По коридору приближаются три фигуры.

Гарайс осторожно прикрывает дверь. Быстро идет к креслу. Сует приказ с конвертом в карман пиджака. Вооружившись гигантским карандашом, кладет перед собой на стол чистую бумагу. Вокруг три-четыре раскрытых книги. Услышав стук в дверь, спокойно отзывается:

— Войдите.

Даже сигара горит теперь как следует.

 

9

Входят трое — его старые, дорогие товарищи: член муниципалитета Гайер, секретарь городской партийной организации СДПГ Нотман, и наконец — важная птица из Штеттина, депутат рейхстага Кофка.

Входят осторожно, и, судя по взглядам, которые товарищи бросают на него, они не столь уже уверены в победе, как им хотелось бы.

— Очень мило, что зашли, — вежливо говорит Гарайс. — Решили вытащить старую рабочую клячу из-за стола? — Не возражаю. Выпьем пивка в «Тухере».

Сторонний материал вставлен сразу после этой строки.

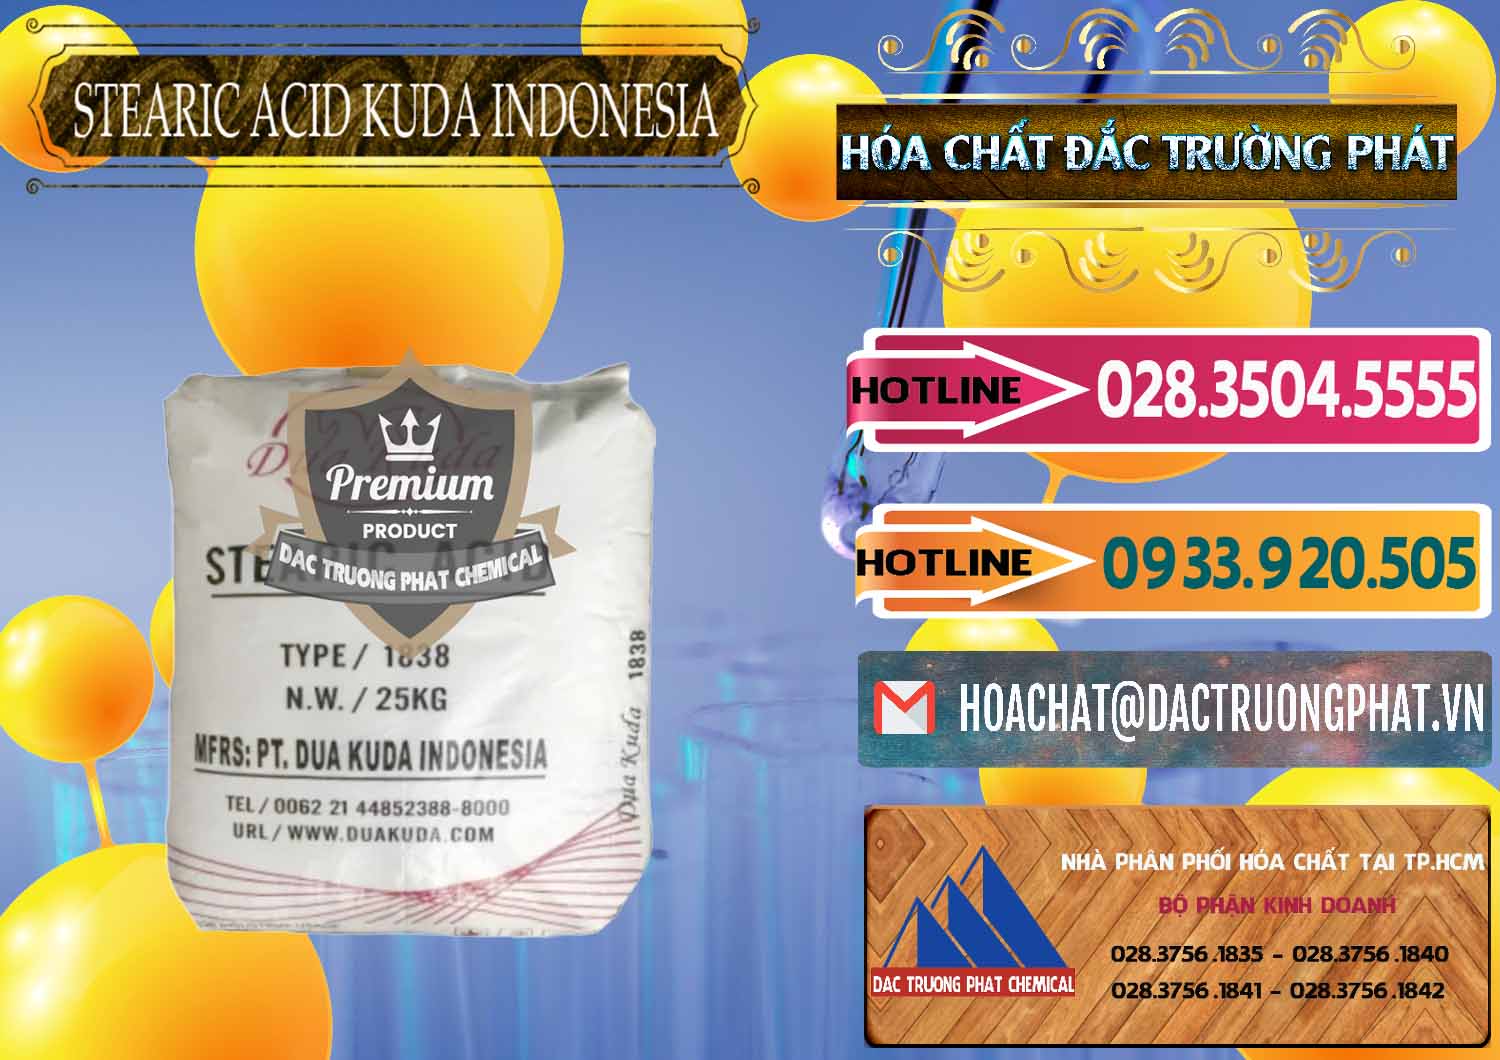 Cty bán và phân phối Axit Stearic - Stearic Acid Dua Kuda Indonesia - 0388 - Nhà nhập khẩu và phân phối hóa chất tại TP.HCM - dactruongphat.vn

От него не ускользает, как они вздрагивают при мысли, что им придется сегодня публично сидеть в компании с ним в ресторане, и он ухмыляется.

— Нет, товарищ Гарайс, — говорит депутат Кофка, — нам сейчас не до пива, да и рассиживать с тобой в пивнушке у нас тоже нет настроения. Вот если угостишь сигарой, не откажемся.

Протягивая сигары, бургомистр небрежно замечает:

— А у тебя цветущий вид, Кофка. Берлинская говорильня пошла тебе на пользу.

— Но ты, дорогой товарищ, — угрюмо отвечает ему депутат, — уже постарался, чтобы здоровьишка моего поубавилось. Сегодня утречком я побывал в вашем прелестном гимнастическом зале, посмотрел, какие эффектные трюки ты выкидываешь перед судьями, просто залюбоваться можно!

— Ты находишь? — хладнокровно возражает бургомистр. — Тебе, Кофка, разумеется, никогда не случалось забыть про какое-нибудь письмо, а потом сделать вид, будто давно на него ответил?

— Речь не обо мне, — раздражается депутат, — и не о том, что я делал, а чего не делал. Речь идет о том, что натворил ты. А нагородил ты черт знает что и опозорил партию.

— Мне кажется, — бургомистр задумчиво разглядывает кончик сигары, — что здесь мой служебный кабинет. И каждый, кто не желает вести себя прилично, вылетит отсюда кувырком.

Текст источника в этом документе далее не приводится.